Neural Cache: Bit-Serial In-Cache Acceleration of Deep Neural Networks (1805.03718v1)

Abstract: This paper presents the Neural Cache architecture, which re-purposes cache structures to transform them into massively parallel compute units capable of running inferences for Deep Neural Networks. Techniques to do in-situ arithmetic in SRAM arrays, create efficient data mapping and reducing data movement are proposed. The Neural Cache architecture is capable of fully executing convolutional, fully connected, and pooling layers in-cache. The proposed architecture also supports quantization in-cache. Our experimental results show that the proposed architecture can improve inference latency by 18.3x over state-of-art multi-core CPU (Xeon E5), 7.7x over server class GPU (Titan Xp), for Inception v3 model. Neural Cache improves inference throughput by 12.4x over CPU (2.2x over GPU), while reducing power consumption by 50% over CPU (53% over GPU).

• The paper presents a novel in-cache acceleration method by repurposing SRAM arrays for bit-serial arithmetic in deep neural networks.
• It enables efficient execution of convolutional, fully connected, and pooling layers through massively parallel computation within the cache.
• Experimental results achieve up to an 18.3x reduction in latency and a 50% decrease in power consumption compared to traditional CPU and GPU architectures.

Neural Cache: Bit-Serial In-Cache Acceleration of Deep Neural Networks

The paper "Neural Cache: Bit-Serial In-Cache Acceleration of Deep Neural Networks" presents an innovative approach to improving the efficiency of Deep Neural Network (DNN) inferences by utilizing cache structures as computation units rather than merely storage. This paper highlights a significant departure from traditional Processor-In-Memory (PIM) designs, offering a refined solution to mitigate the memory wall challenge pervasive in data-intensive applications.

The proposed architecture, Neural Cache, involves re-purposing the existing SRAM arrays in the cache memory to support massively parallel computations directly within the memory. This is achieved by executing arithmetic operations, like addition and multiplication, in a bit-serial manner leveraging row activation techniques and bit-line interaction within the SRAM cells. The approach facilitates execution of convolutional, fully connected, and pooling layers fully in-cache and is capable of supporting quantization in situ. By storing data in transposed form, Neural Cache resolves potential challenges related to data layout and interaction needed for more complex arithmetic operations.

The experimental results underscore the proposed architecture's competence in reducing the inference latency of the Inception v3 model by 18.3x over cutting-edge multi-core CPUs equipped with Xeon E5 processors and by 7.7x when compared to advanced server-grade GPUs like the Titan Xp. Additionally, the provided throughput improvements are notable, at 12.4x over CPU and 2.2x over GPU, with power consumption reduced by approximately 50%.

Key Contributions:

1. In-Cache Arithmetic: This architecture differentiates itself by introducing computational capabilities within cache structures themselves, a novel advancement that leverages the large silicon area dedicated to caches in modern processors.
2. Massive Parallel Compute Surface: By repurposing the cache, the architecture transforms caches into vast vector computation units significantly larger than those found in contemporary GPUs.
3. Transposed Data Layout and Execution Model: The researchers have proposed efficient data layouts and execution models that capitalize on underlying hardware geometry, exposing DNN parallelism efficiently.
4. Energy Efficiency: The design delivers substantial energy savings by drastically reducing on-chip data movement, a recognized significant factor in processing energy consumption.

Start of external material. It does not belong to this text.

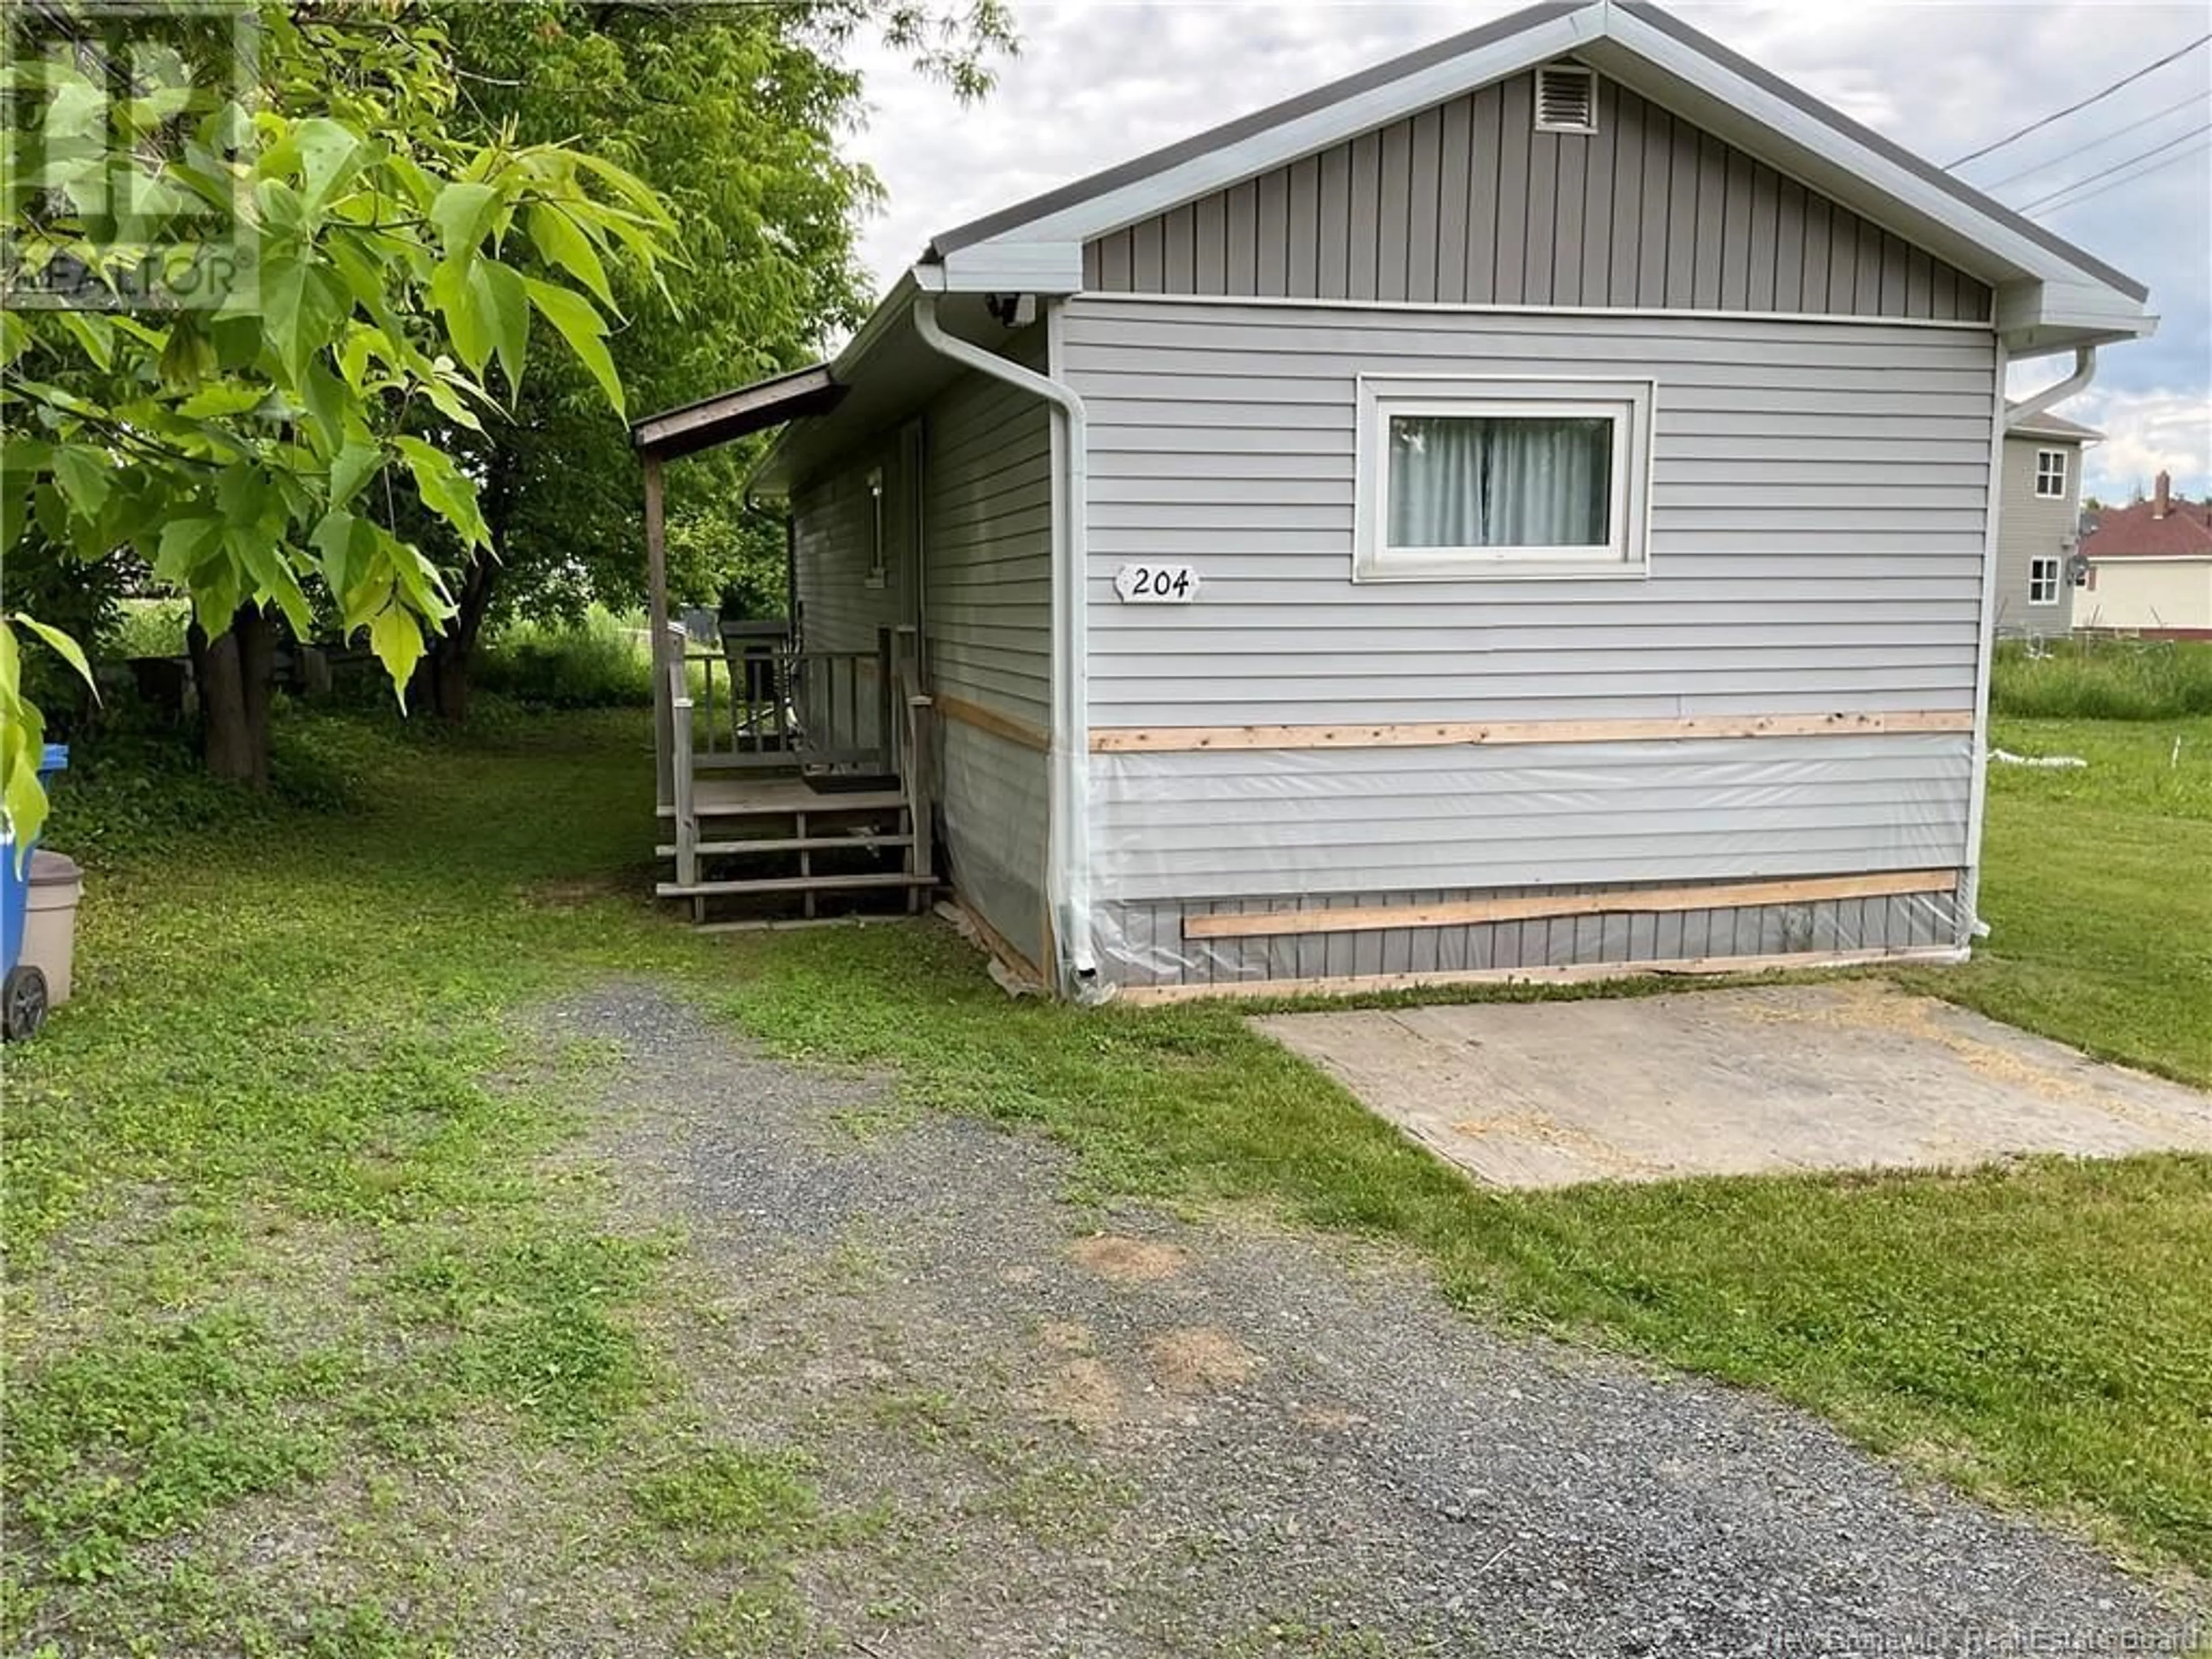 Cottage for 204 Union Street, Woodstock New Brunswick E7M2X5
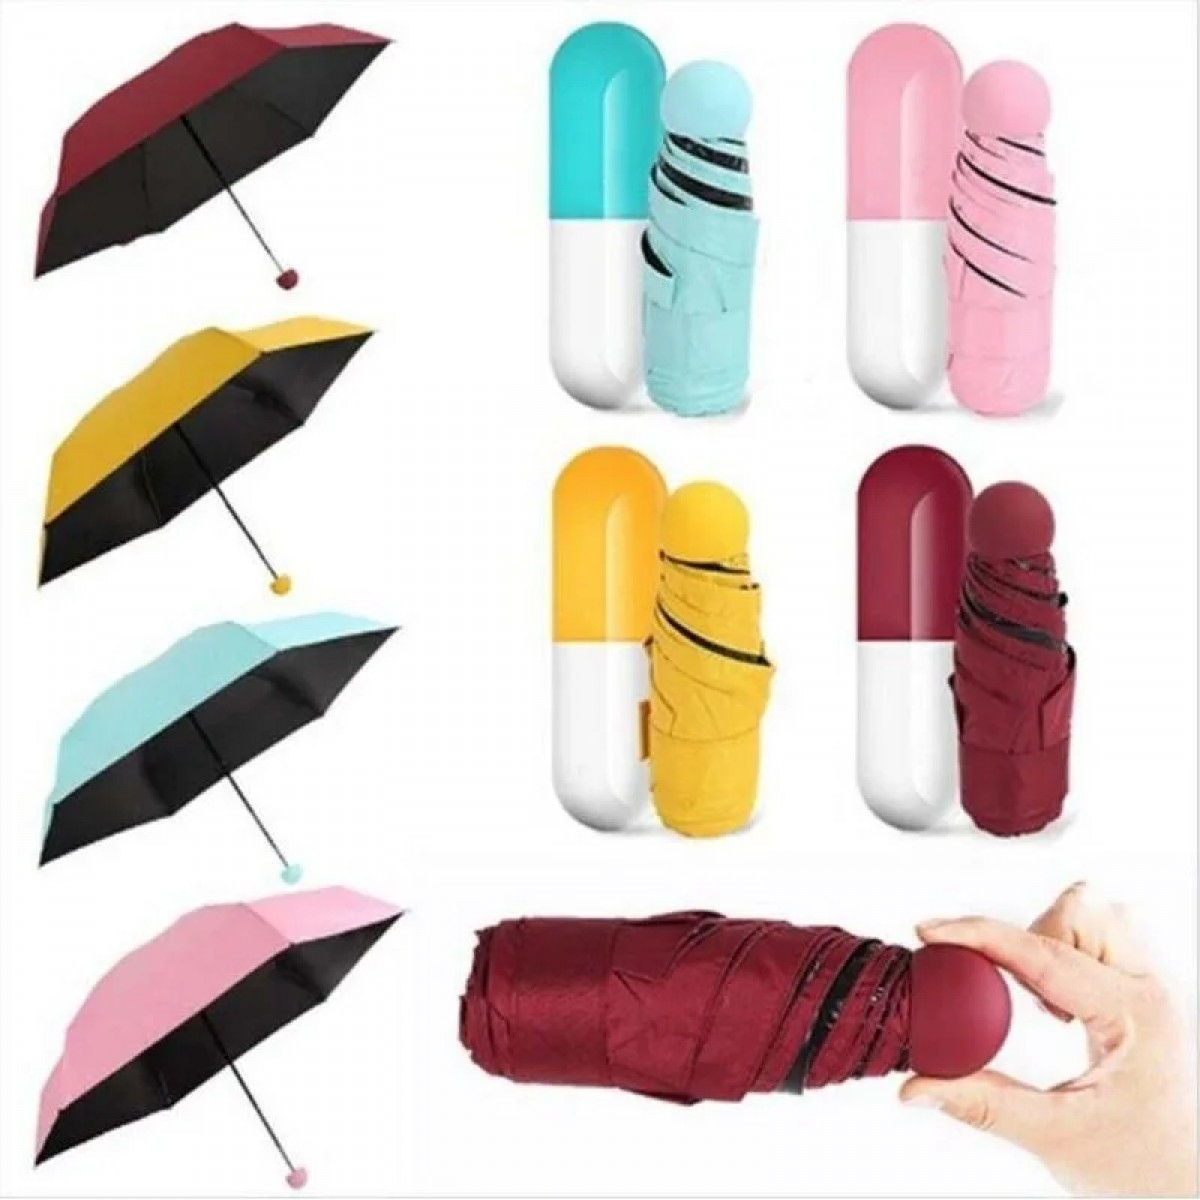 Міні-парасолька Mybrella у футлярі рожева парасолька молодіжна якісна парасолька від дощу парасолька в капсулі

Implications and Future Directions:

The Neural Cache architecture has profound implications for the design of future processors, suggesting an integrated compute-storage approach that extends beyond neural network acceleration to a range of data-parallel computational tasks. The ability to perform computation directly within the cache has the potential to influence low-power and edge computing devices where energy efficiency is paramount.

From a theoretical standpoint, this approach negotiates the dichotomy between logic and memory, akin to the structure of human cognition, representing a step towards neuromorphic computing architectures. Practically, this methodology can lead to more responsive AI systems with lower latency requirements, broadening the reach of AI in real-time applications.

Future research could explore optimization of the bit-serial operations themselves or the incorporation of sparsity-aware computation to handle recent trends in sparse neural networks efficiently. Integration with other emerging memory technologies, such as non-volatile memory, may also offer opportunities for combining speed, reliability, and density in future cache architectures.

In conclusion, the Neural Cache represents a forward-thinking paradigm that effectively pushes the boundaries of existing computing architectures by synergizing memory with computation. As compute workloads continue to grow in complexity and size, such architectural innovations provide valuable pathways to harness the ever-increasing need for efficient computation.